Transcribe the whole listing below. Pictures do not go in the copy.

- **RAW DATA**:
----------------

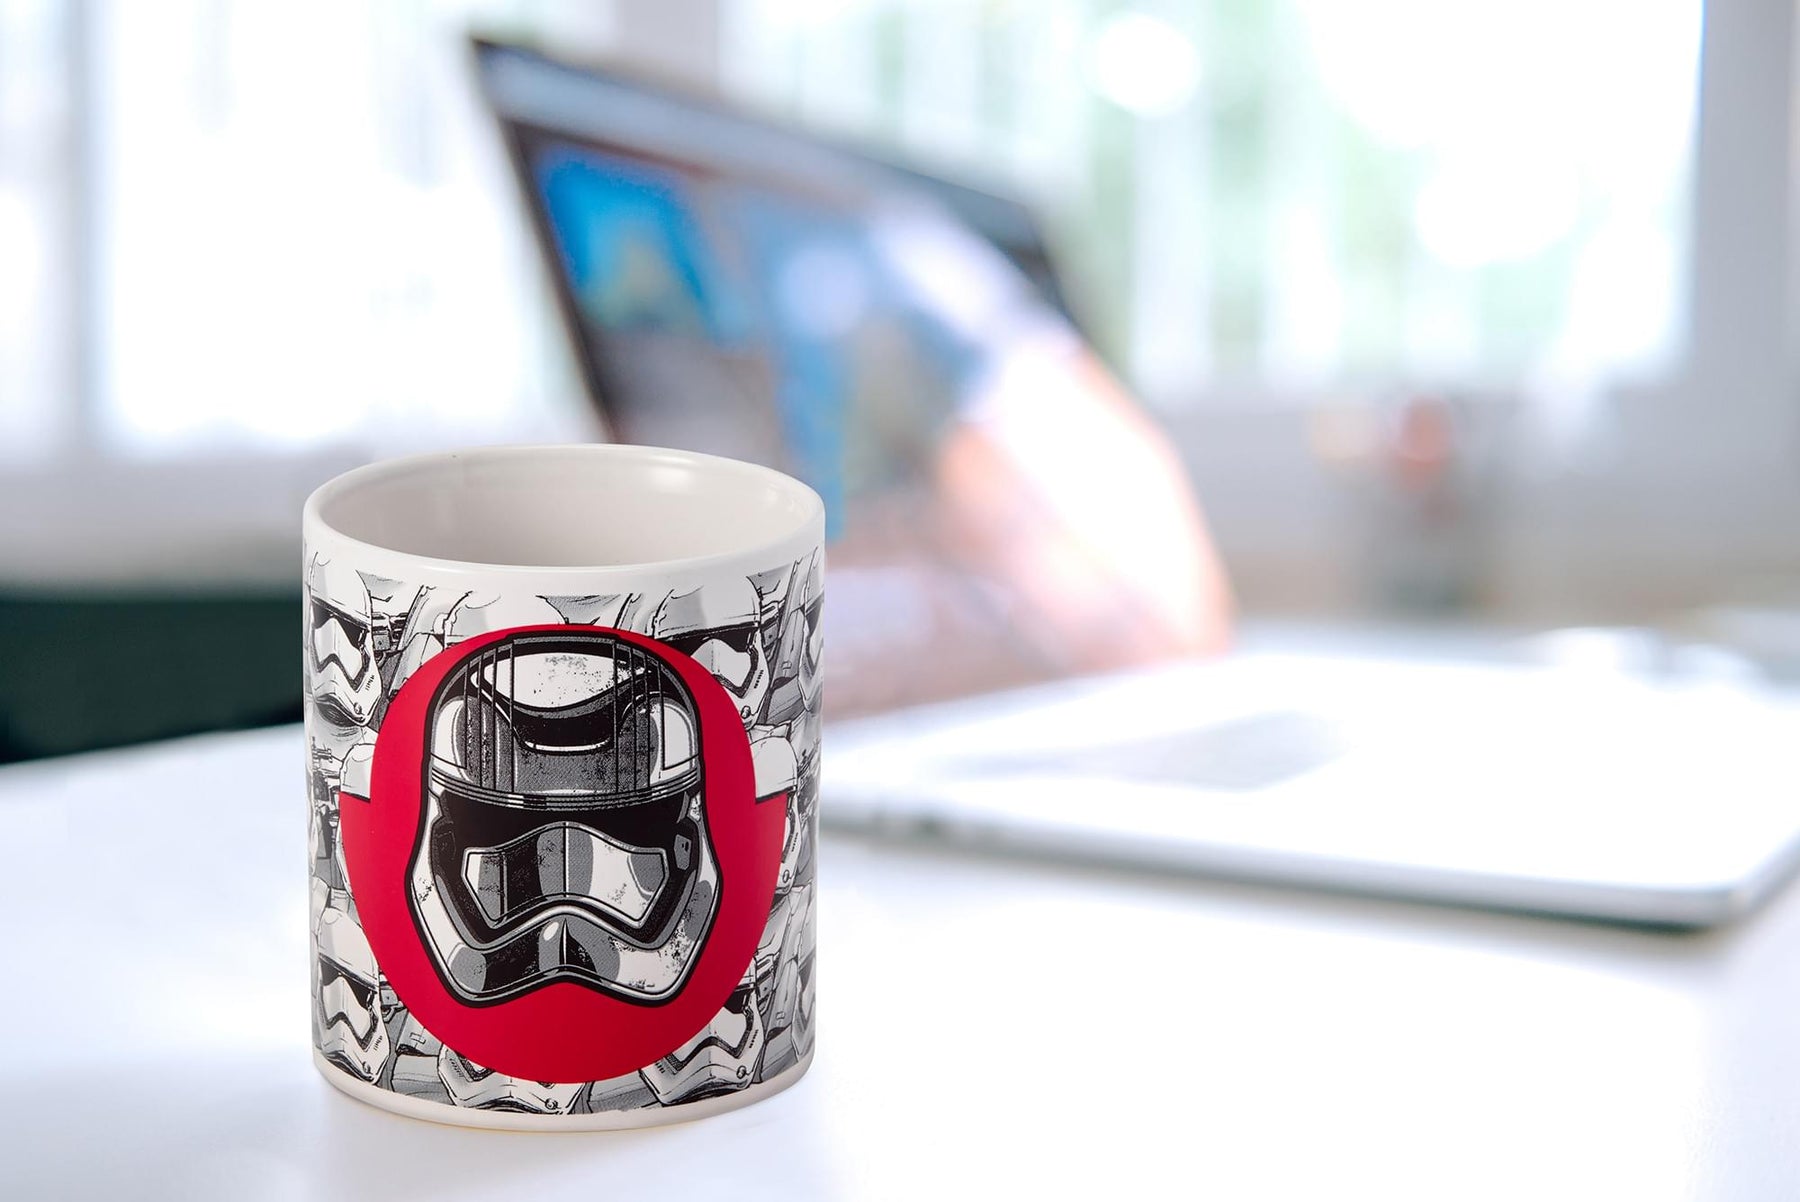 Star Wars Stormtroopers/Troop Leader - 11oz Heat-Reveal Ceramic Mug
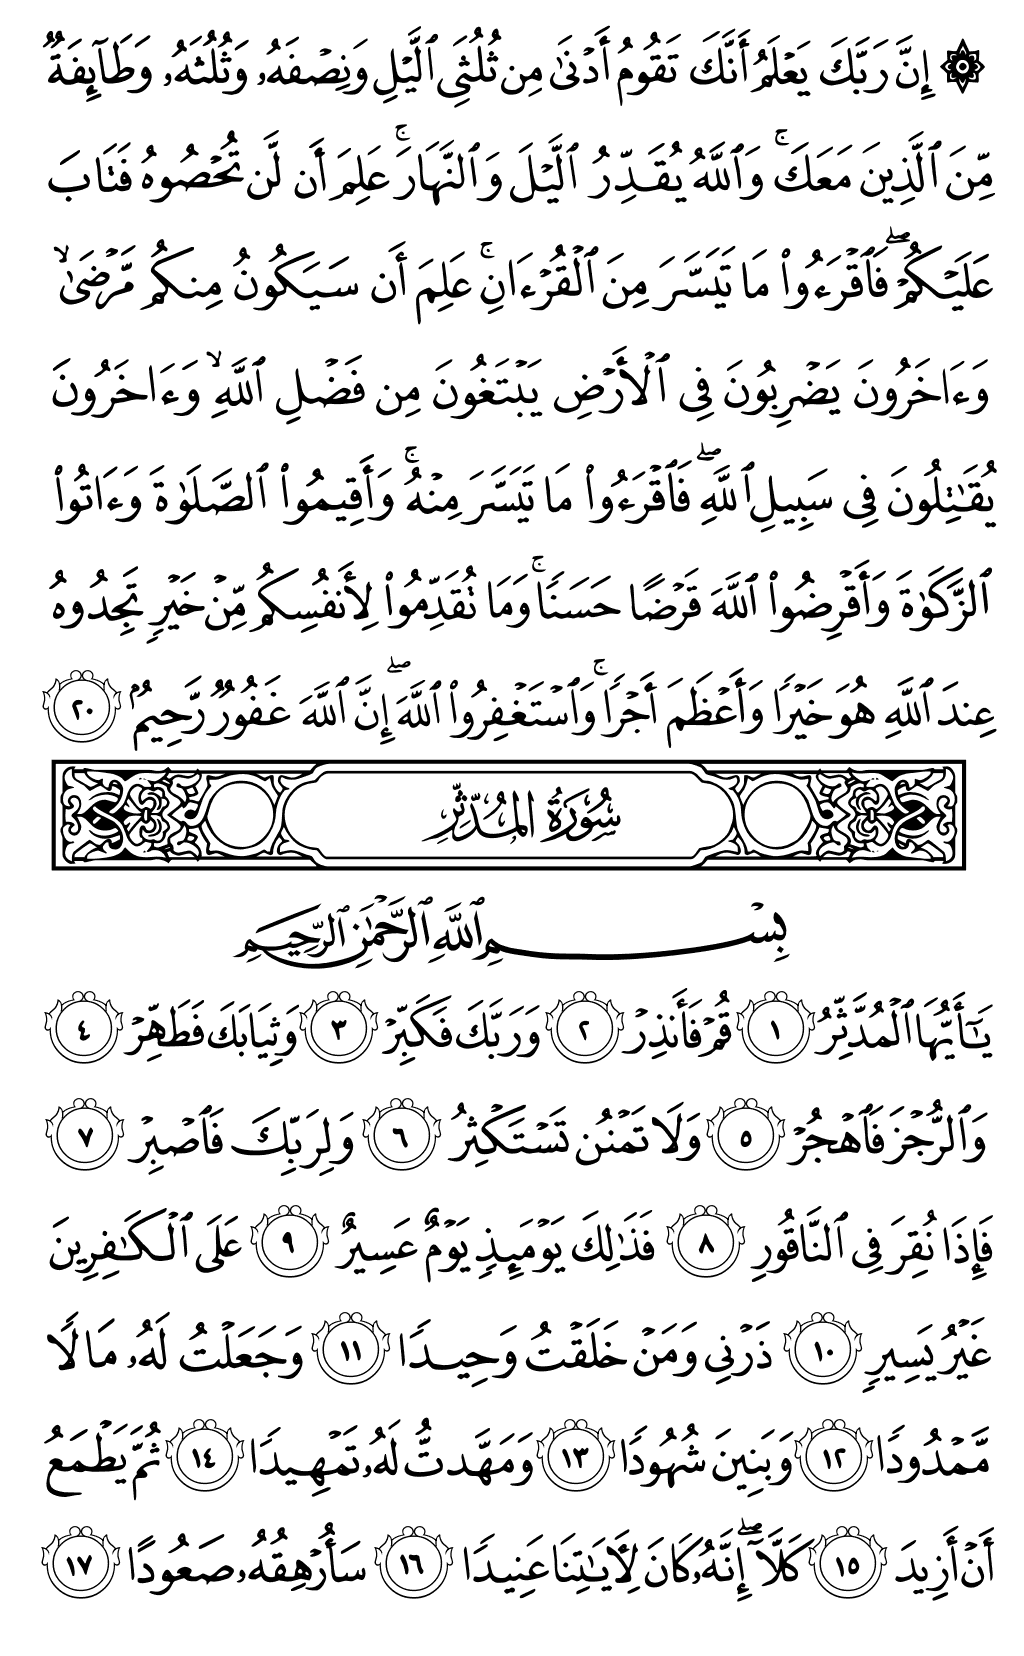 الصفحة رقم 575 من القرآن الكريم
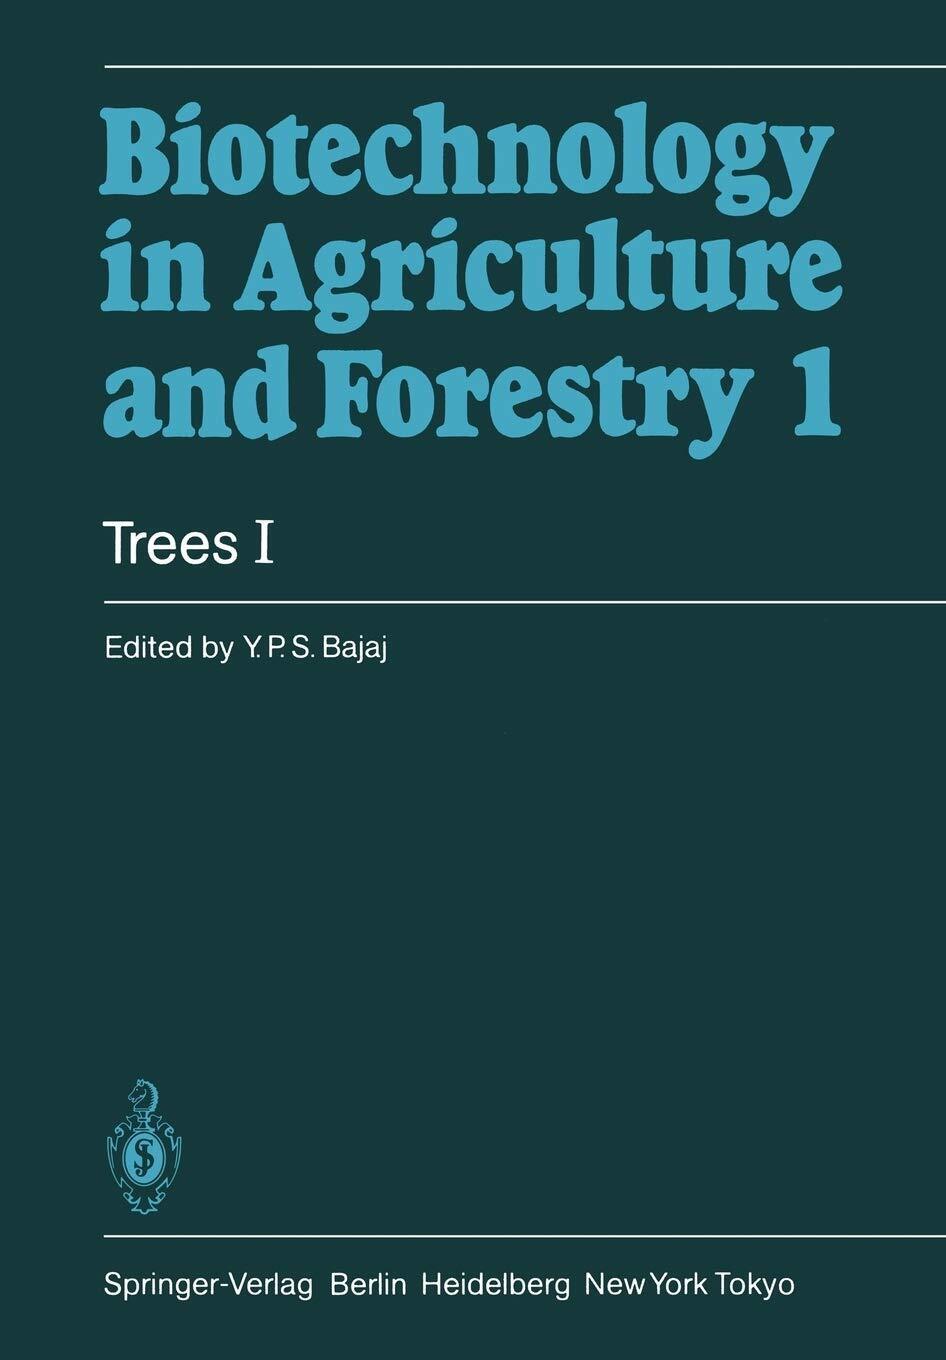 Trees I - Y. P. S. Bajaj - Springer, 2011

----------------

- **FINAL ANSWER**:
 Star Wars Stormtroopers/Troop Leader - 11oz Heat-Reveal Ceramic Mug
 الصفحة رقم 575 من القرآن الكريم
 Trees I - Y. P. S. Bajaj - Springer, 2011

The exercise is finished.